Cell viability was examined by MTT assay[42] with some modifications.[43] The MTT assay is based on the principle of the ability of mitochondria of living cells to reduce MTT salt into blue formazan crystals. These crystals dissolved in acidified isopropanol and absorbance was recorded at 570 nm using a microplate reader (Synergy-HT, BioTek, Vinnoski, VT, USA).

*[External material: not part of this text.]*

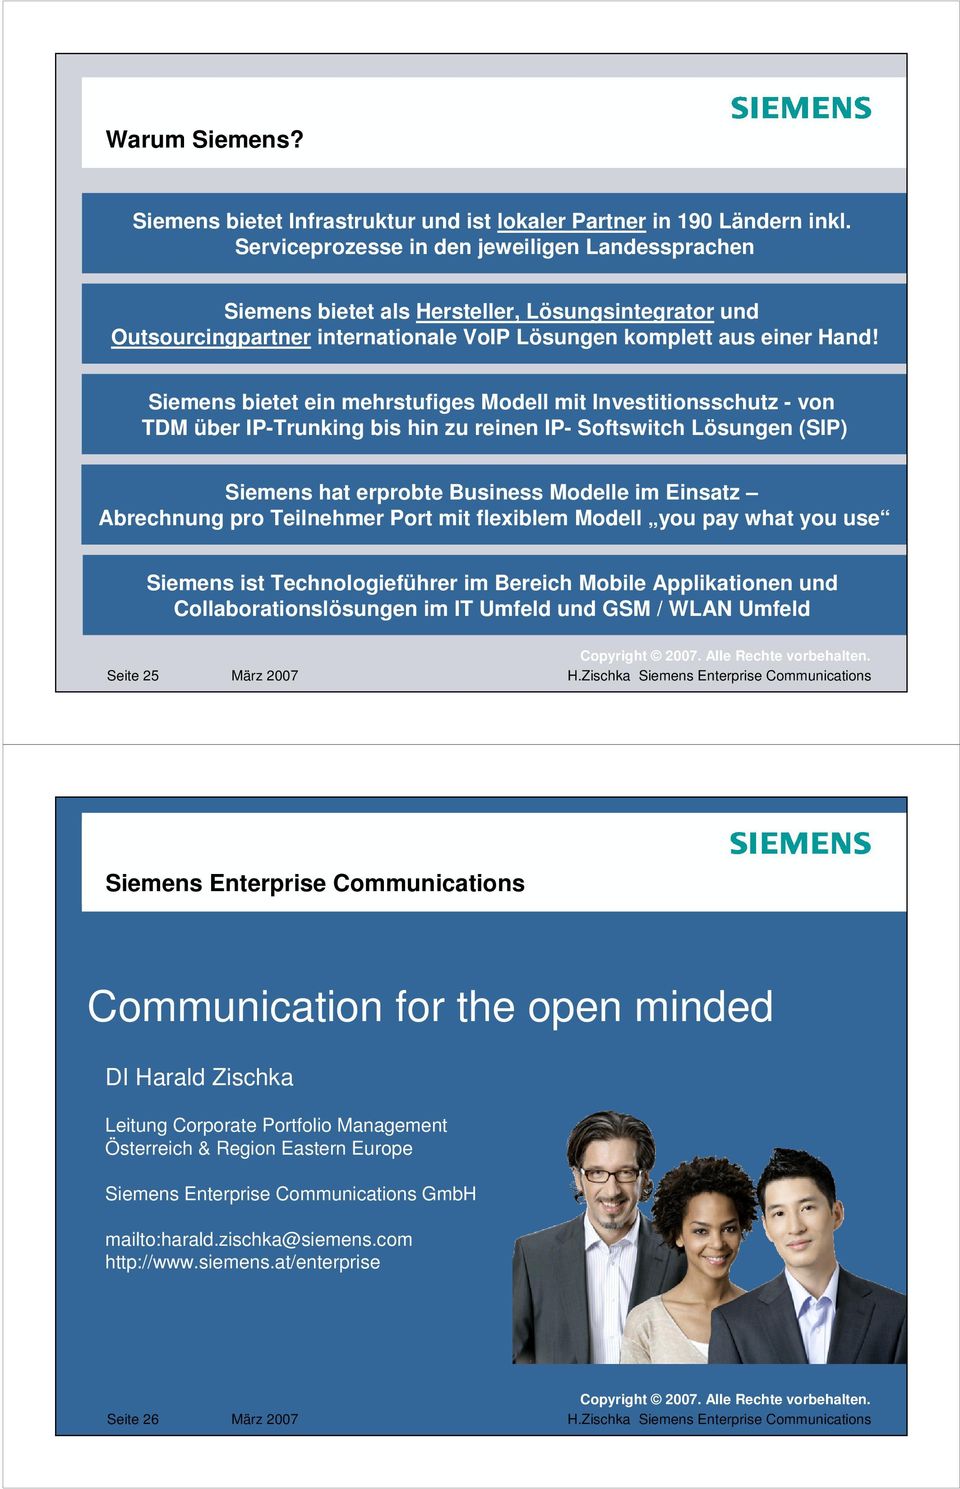 Siemens bietet ein mehrstufiges Modell mit Investitionsschutz - von TDM über IP-Trunking bis hin zu reinen IP- Softswitch Lösungen (SIP) Siemens hat erprobte Business Modelle im Einsatz Abrechnung

The probe 2,7-dichlorofluorescin diacetate (DCFH-DA) was applied to assess the intracellular generation of ROS after exposure to 50 μg/mL of 3% Zn–Bi2O3 NPs for 24 h. The DCGH-DA is a cell-permeable nonfluorescent dye, converted into highly fluorescent DCF when oxidized by intracellular ROS.[44] The fluorescence of DCF was measured at the 485 nm excitation and the 520 nm emission using a microplate reader (Synergy-HT, BioTek).

The cell extract was prepared for caspase-3 enzyme assay. In brief, cells were cultured in 75 cm2 culture flask and exposed to 50 μg/mL of 3%Zn–Bi2O3 NPs for 24 h. Then, cells were harvested in ice-cold phosphate buffer saline by scraping and washed with PBS at 4 °C. Cell pellets were further lysed in cell lysis buffer [1× 20 mM Tris-HCl (pH 7.5), 150 mM NaCl, 1 mM Na2EDTA, 1% Triton, 2.5 mM sodium pyrophosphate]. After centrifugation (15,000×g for 15 min at 4 °C), the supernatant (cell extract) was stored at 4 °C for further experiment. The fluorometric assay of the caspase-3 enzyme was examined using the 7-amido-4-trifluoromethylcoumarin (AFC) standard.[45] Protein content in the cell extract was quantified using Bradford’s protocol which was adapted to measure the protein level.[46]

Statistical Analysis

One-way analysis of variance (ANOVA) followed by Dennett’s multiple comparison tests was used for statistical analysis of biological results. The p < 0.05 was ascribed as statistically significant. All the biological quantitative data are presented as mean ± SD of three independent experiments (n = 3).